Chronic low back pain sneaks up on us slowly over time as unused muscles grow stiff and inflexible. Sitting all day contributes to weak abdominals, poor posture and tight hip-flexors. Tight hamstrings and hip flexors turn into tight hips and glutes that cause pain by pulling on the back. Medical experts say exercise is the best solution to prevent low back pain. Find exercises that will strengthen the entire core and stretch the back and legs. Here are a few to try once or twice a week to relieve your aching back.
This is a great starter move that teaches you to articulate your spine while stretching the muscles in the back and legs that cause back tightness. Slow, controlled motion will strengthen your core. Perform 6 to 8 roll-ups slowly and remember to keep your feet on the ground.
1) Lie flat on your back with your arms extended over your head.
2) Inhale and point our arms to the sky. Exhale and slowly reach for your toes so that you roll up into a “C” curve.
3) Inhale and start to slowly go back in a C curve.
4) Exhale as you uncurl your body one vertebra at a time back into the mat.
Yoga’s traditional cat pose promotes spinal flexibility and stretches the entire spine. Repeat this 6 to 8 times.

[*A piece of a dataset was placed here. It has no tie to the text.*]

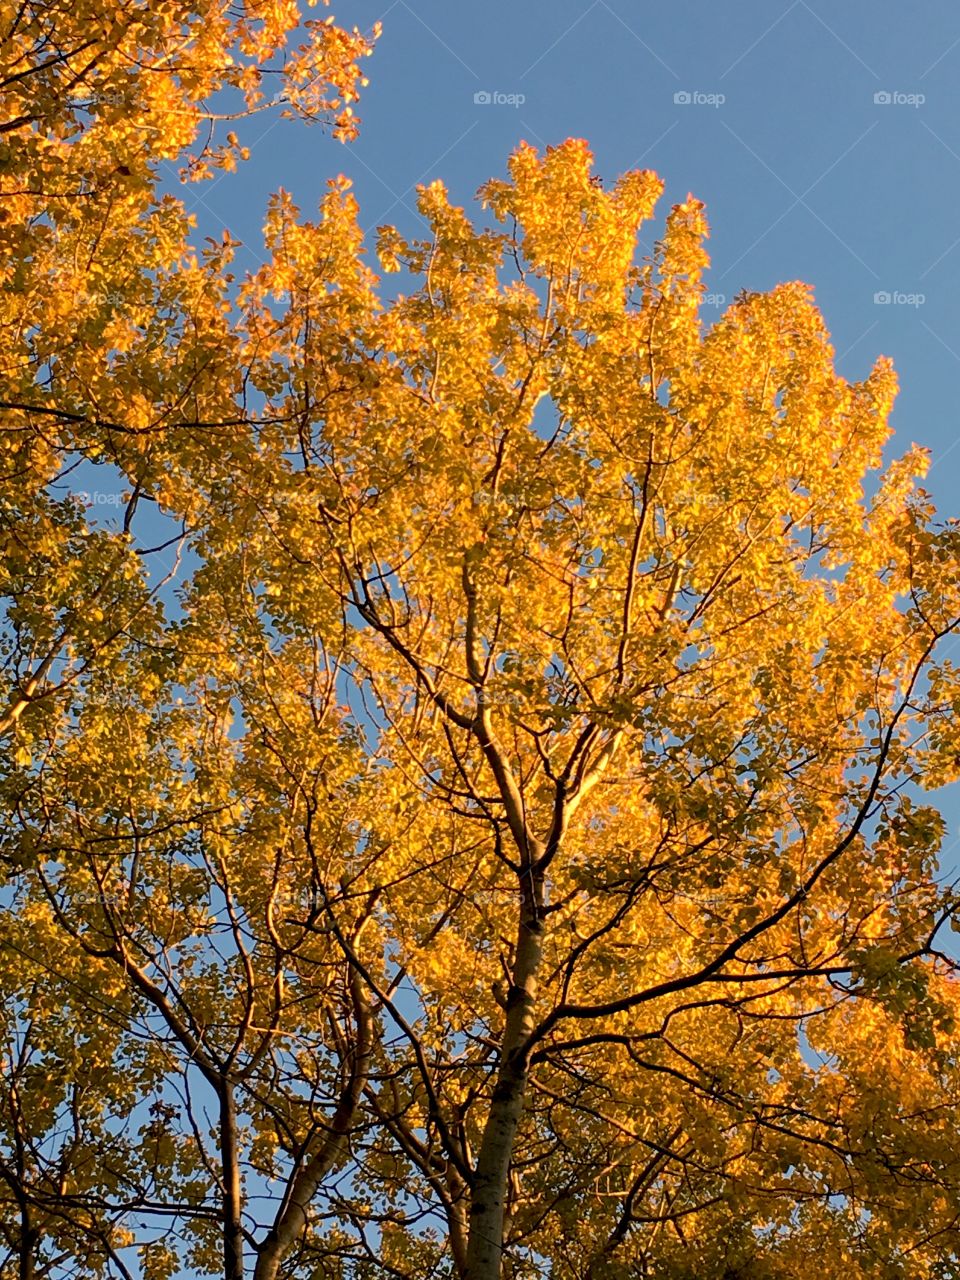 Golden tree at sunset

1) Start on all fours. Hands should be directly under shoulders and knees directly under hips.
2) Begin with your spine in a “neutral” or long position. Gently round your back by slowly tucking your tailbone and lowering the crown of your head.
3) Draw your navel up to your spine and hold the stretch while breathing gently.
This move strengthens the abs and they, in turn, strengthen the low back. It also lengthens the spinal column and improves posture. Perform 6 to 8 per side.
1) Kneel on the mat on your hands and knees. Reach one arm long, draw in the abdominals, and extend the opposite leg long behind you.
2) Repeat on the other side.
3) Move slow and steady. Hold the pose with arm and leg out momentarily before switching to the opposite arm and leg.
Glute bridges strengthen not only your low back but your glutes and hamstrings as well. Your chest and shoulders will also appreciate the nice stretch. Repeat 6 to 8 times.
1) Lie on back and spread your bent knees hip distance apart. Stack feet flat on mat under your knees.
2) Lift your hips to a bridge as you squeeze your glutes. Hold, squeezing tight, and return to mat with control.